From the Event Source drop-down list, select acs.ecs.
From the Event Type drop-down list, select the Cloud Assistant event type to which you want to subscribe.
Cloud Assistant task status event:
ecs:CloudAssistant:TaskCompleted.In the Event Pattern Debugging section, view a sample of the subscribed event type.

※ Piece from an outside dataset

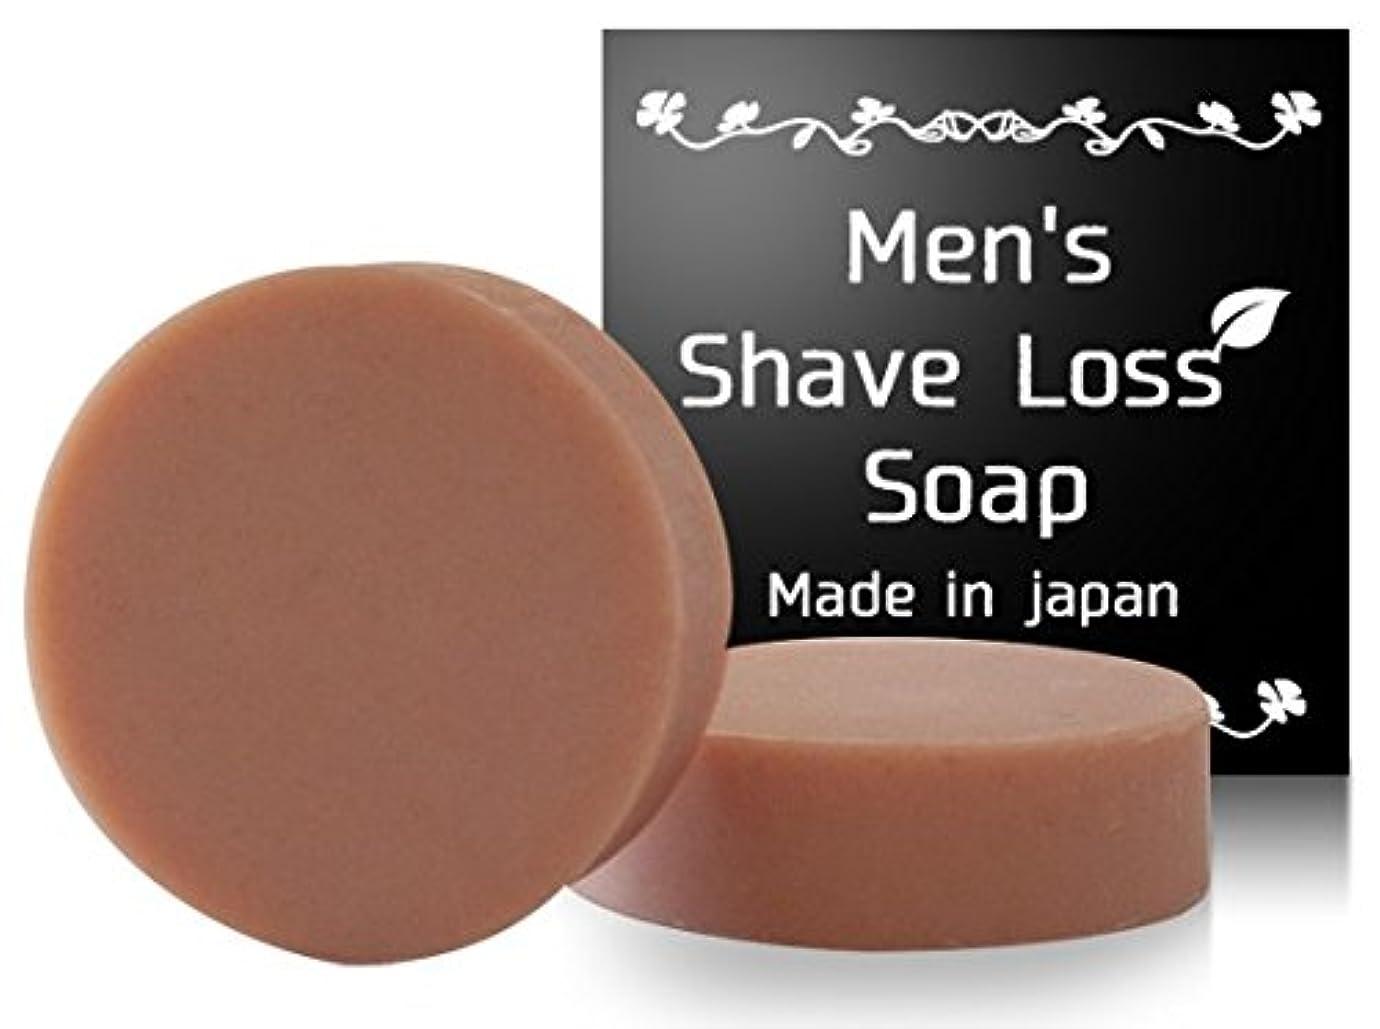 傘フィットシャツMens Shave Loss Soap シェーブロス 剛毛は嫌!ツルツル過ぎも嫌! そんな夢を叶えた奇跡の石鹸! 【男性専用】(1個)

{ "id": "45ef4dewdwe1-7c35-447a-bd93-fab****", "source": "acs.ecs", "specversion": "1.0", "subject": "acs.ecs:cn-hangzhou:123456789098****:215672", "time": "2020-11-19T21:04:41+08:00", "type": "ecs:CloudAssistant:TaskCompleted", "aliyunaccountid": "123456789098****", "aliyunpublishtime": "2020-11-19T21:04:42Z", "aliyuneventbusname": "default", "aliyunregionid": "cn-hangzhou", "aliyunpublishaddr": "172.25.XX.XX", "data": { "commandId": "c-hz045**********", "commandName": "hello-linux.sh", "exitCode": "0", "finishTime": "2023-12-14T07:39:48Z", "instanceId": "i-bp114***************", "invocationStatus": "Success", "invokeId": "t-hz045**********", "ownerId": "158*************", "playerUid": "256***************", "repeatMode": "Once", "repeats": "1", "startTime": "2023-12-14T07:39:48Z", "errorCode": "0", "errorDesc": "" } }Below the sample, click Test to simulate an event trigger. If the message Match Succeeded. The event can be triggered as expected appears, the event is configured to trigger as expected.
Configure an event target. Select a Service Type and configure a push scenario.
For more information, see Set push scenarios.
Use CloudMonitor to subscribe to Cloud Assistant events
Log on to the CloudMonitor console.
In the navigation pane on the left, choose .
On the Subscription Policy tab, click Create Subscription Policy.
On the Create Subscription Policy page, configure the parameters to subscribe to Cloud Assistant events.
This example shows only the parameters related to Cloud Assistant events. For more information, see Subscription policy parameters.
Subscription Type: Select System Events.
Subscription Scope:
Product: Select Elastic Compute Service (ECS).
Event Type: Select Notifications.
Event Name: Select Cloud Assistant task status event.
After you complete the configuration, click Submit.
When a relevant event is triggered, you will receive a notification. You can also call the DescribeSystemEventAttribute operation to query the details of system events.
Cloud Assistant event descriptions
Cloud Assistant task status events
Event description
Commands and scripts take time to run. Cloud Assistant task status events help you track task completion. You can use these events for the following purposes:
Receive notifications when Cloud Assistant tasks fail or are complete. You can use the notifications for alerts or subsequent operations.
Polling consumes your API call quota. To avoid this, you can use event subscription.
Prevent interruptions from application releases, which can occur during long polling processes. Using events simplifies your workflow.
Triggering conditions and limits
Triggering conditions: When you call the RunCommand or InvokeCommand operation to run a task, Cloud Assistant monitors the task status. It sends a task status event when the task is complete.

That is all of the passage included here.